Who can explain the behavior of the case and is it considered the norm? :) Here is the working code

 package javaapplication12; public class JavaApplication12 { public static void main(String[] args) { int type = 11; switch(type){ case 10: int i = 0; int max = 3; while(i<max){ System.out.println("OK"); i = i + 1; } break; case 11: i = 0; // <======= max = 2; // <======== //МЫ ИСПОЛЬЗОВАЛИ КАК ОБЫЧНО INT NAME = 0 //но компилятор выбрасывает //Exception in thread "main" java.lang.RuntimeException: Uncompilable source code - variable i is already defined in method main(java.lang.String[]) //????? уберем INT, => NAME = 0 компилируется и работает, КАК ЭТО? переменная int i из другого case создается? но как while(i<max){ System.out.println("WHAT??"); i = i + 1; } break; } } }

Java 8. Netbeans.

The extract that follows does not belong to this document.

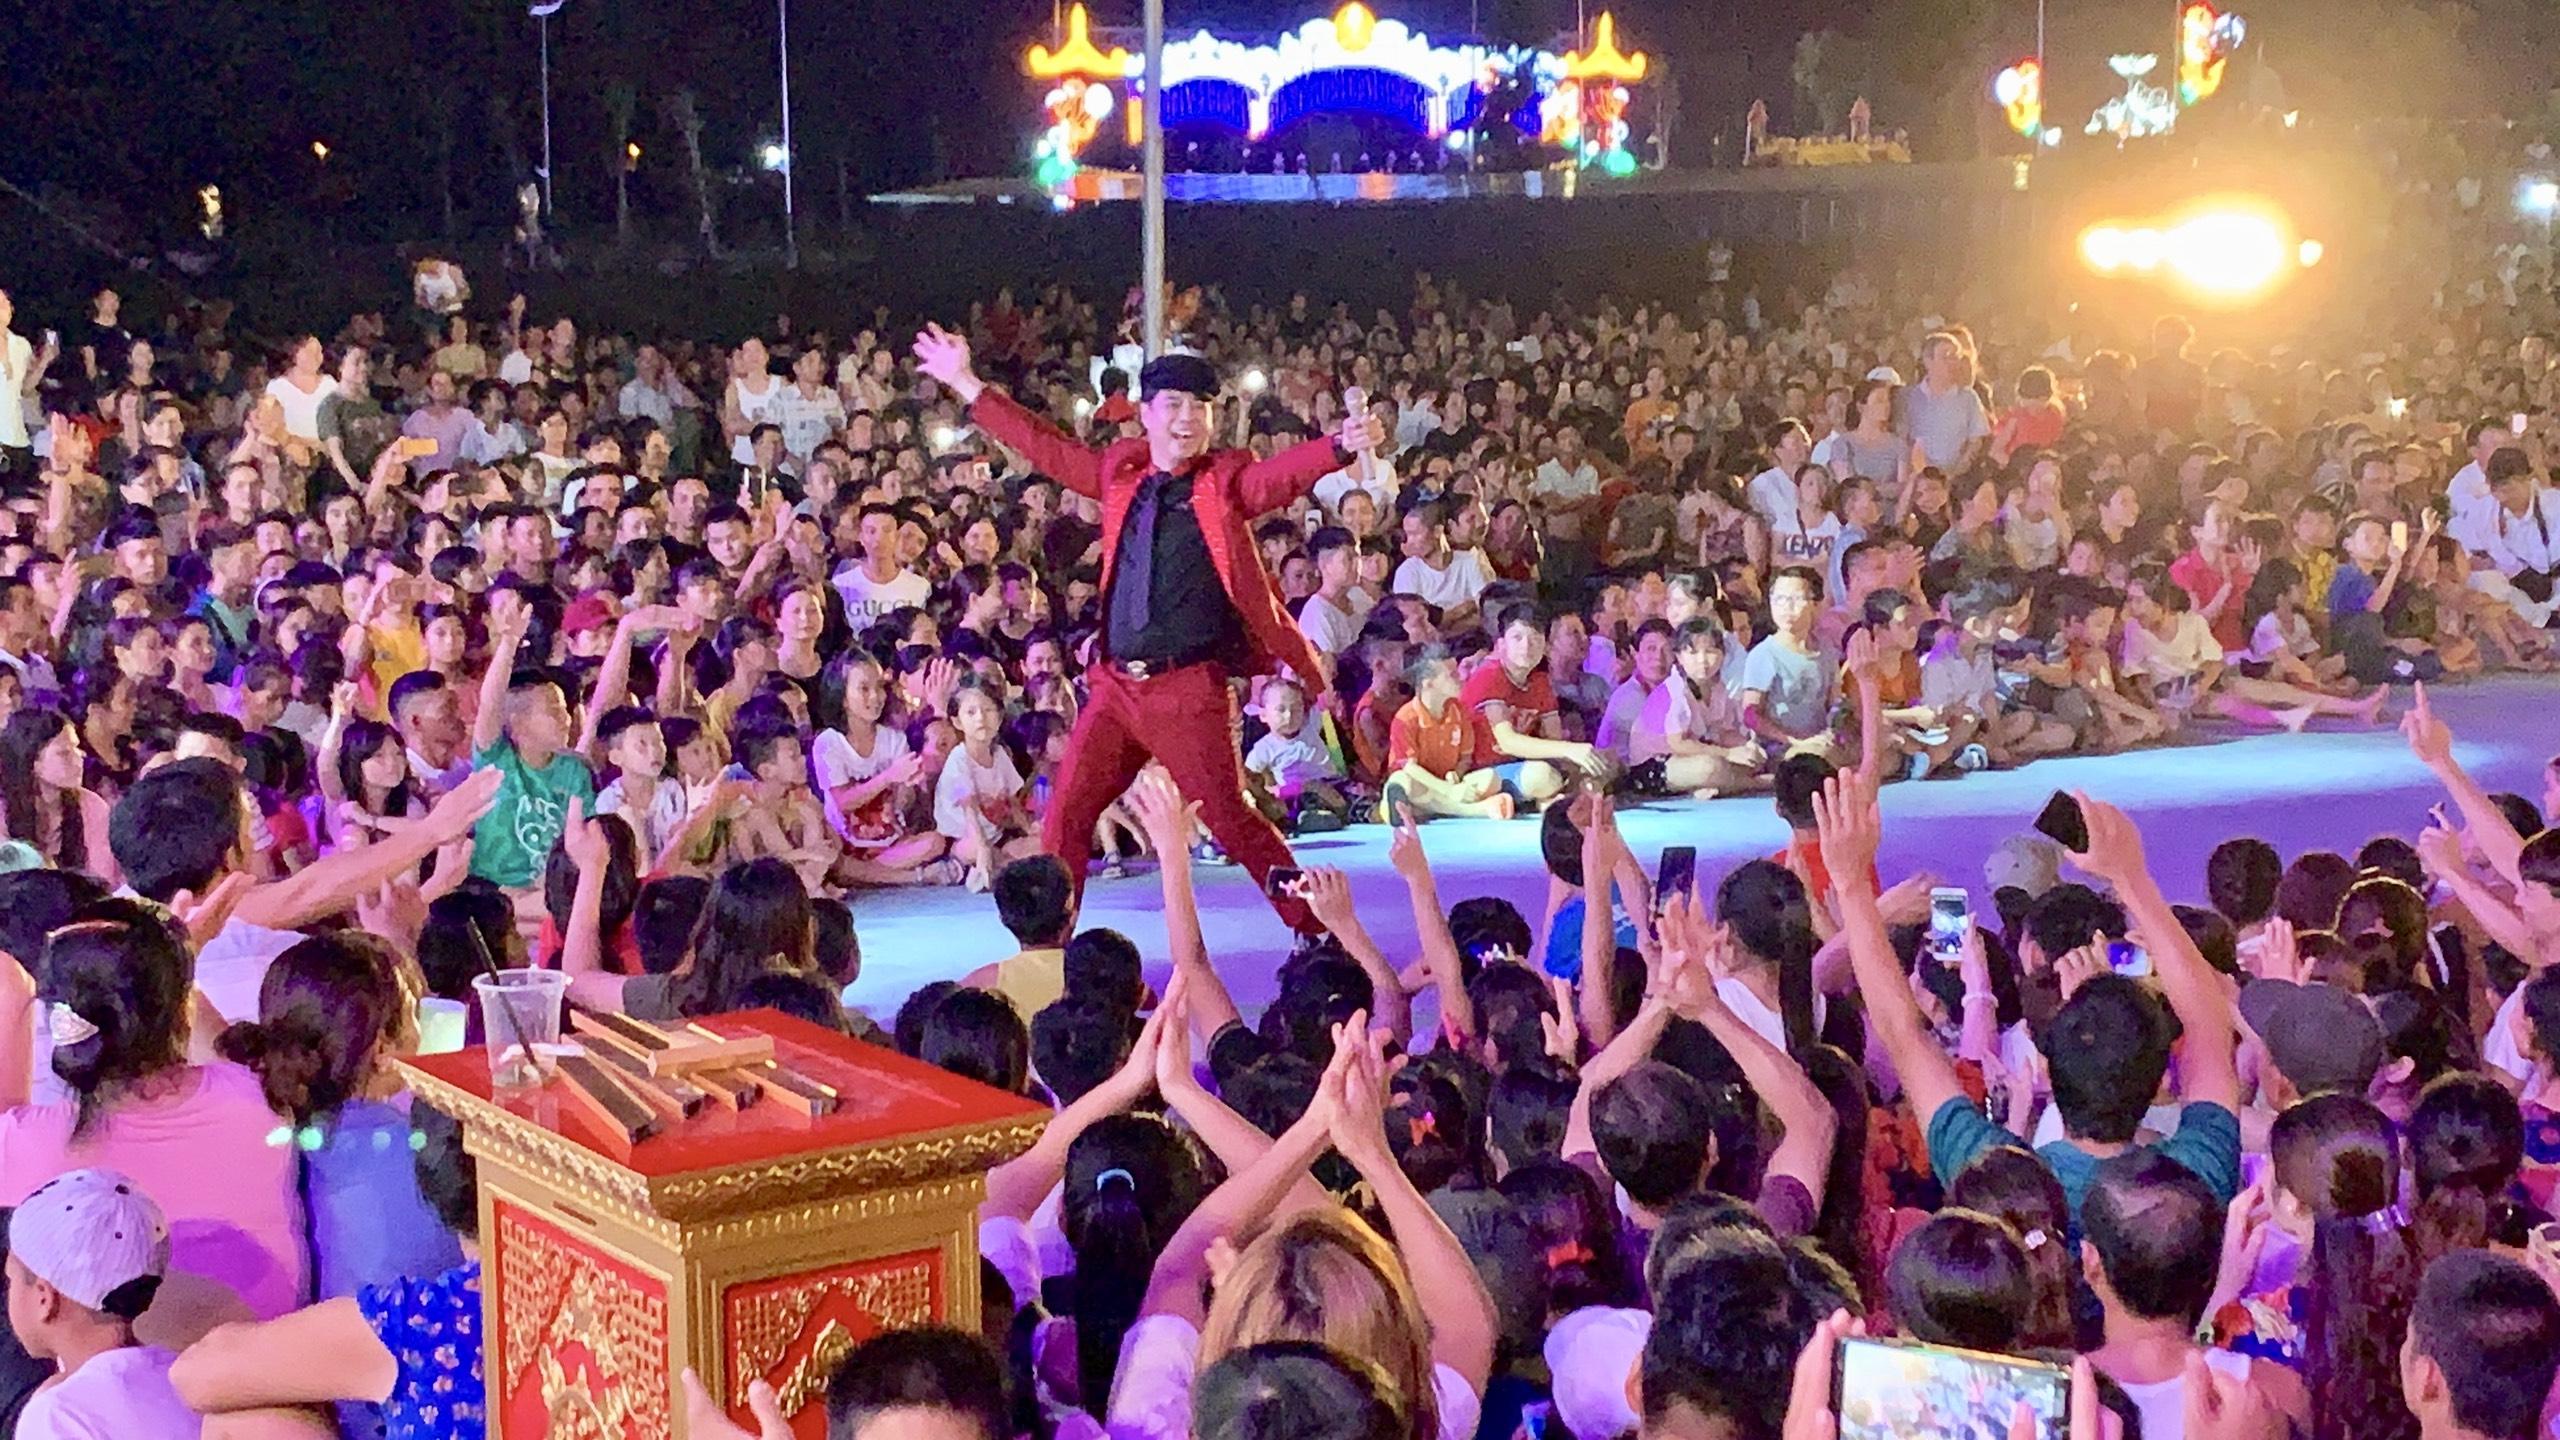 Doanh nhân Mẫn Ngọc Anh song ca cùng Ngọc Sơn trước 5 vạn khán giả 2

And if you comment i = 0; or max = 2; get an exception :) (the code wrapped in main for clarity)

  • Immediately written variable i is already defined in the method of main - Ziens
  • Yeah, and therefore case 10 It is worked out with a bang (if I have i on top of the case), read the code carefully, or run it. - Denis Kotlyarov
  • Why do you define i and max in case 10? - Ziens
  • Well, these are different blocks, what is declared in the internal block is not declared an automatic machine in the external. - etki
  • I just carefully read your code, and you, in turn, carefully read the comments. The announcement in case 10 is "visible" in case 11. - Ziens

3 answers 3

The point is visibility of variables. It is possible to declare one variable only once in one block of code.

In this case, in your case, at least the variable is declared in case 10 , if it is not assigned to it in case 11 will be considered declared, but not initialized. And, because this is not a class field, then no default values ​​will be assigned to it.

To make it work for you, you need to take these variables outside the switch block or in each case create a new variable with a new name.

  • Here, the fact is that he is a worker. "case create a new variable with a new name" aha and Java will still keep i, max in memory (and also these variables) (albeit empty ones). And it’s clear that Java creates, though empty, a lesson from this is clear that in the end you have to switch to if :) - Denis Kotlyarov
  • @DenisKotlyarov, case and if are different and one cannot say that one of them is better than the other. These are just different tools. At the initial stage, it’s not worth thinking about whether an extra variable is stored in memory. First, it is better to understand the basic things - in the operators, areas of visibility, etc. - YuriySPb
  • This feature can be very easy to explain, because we all know that the case has a break, (using the example of 10 11) if you remove the break from the 10 container, we get something that also 11 containers will be executed. Based on this, Java simply cannot deal with these variables, and therefore it creates all the variables (occurring more than once) at once. "At first it is better to understand the basic things - in the operators, areas of visibility, etc." I did not understand ... "At the initial stage," how did you decide. - Denis Kotlyarov
  • @DenisKotlyarov, I made my conclusion on the basis of the fact that you did not understand the switch operator and find it difficult to clearly formulate the question. In any case, I personally still can not understand what exactly you asked. - JuriySPb
  • I asked what kind of feature it was that variables in container 11 (similar to variables from container 10) can change their value without creating the variable itself. But after thinking and reading your comment, I understood this feature (which I voiced here above). - Denis Kotlyarov

They write the same:

Uncompilable source code - variable i is already defined

Just accept that you can't do that. Or take out the necessary variables above switch:

 int i = 0; int max = 2; switch( type ) { // ...

Or limit their visibility inside each case:

 case 10: { int i = 0; int max = 2; // ... } break; case 11: { int i = 0; int max = 2; // ... } break;

Here, the thing is, he's a worker.

Only not so good worker.

    The fact is that the case labels inside a switch are not some kind of "containers" as you perceive them.

    The switch / case block itself was copied into Java from C-like languages. And in them the syntax of labels of the form case <value>: followed the general syntax of labels label: Which, in fact, were just named places in the code in which you could jump at any moment. Using goto :

     int main() { for (...) { for (...) { if (something) goto stop; } } // some code stop: // some code }

    switch , in fact, simply allowed you to select a target label for the jump based on the value.

    Java copied the switch , but did not copy the goto . Therefore, the behavior seems strange to you.

    If your code is formatted so that the labels no longer seem to be part of the code, and they began to be read exactly as marks for a jump, the mechanism of the switch operation will become more obvious:

     public static void main(String[] args) { int type = 11; switch(type){ case 10: int i = 0; int max = 3; while(i<max){ System.out.println("OK"); i = i + 1; } break; case 11: i = 0; // <======= break; } }

    For the same reason, at the end of the block for each label you have to write break; so that the implementation does not "fail" further.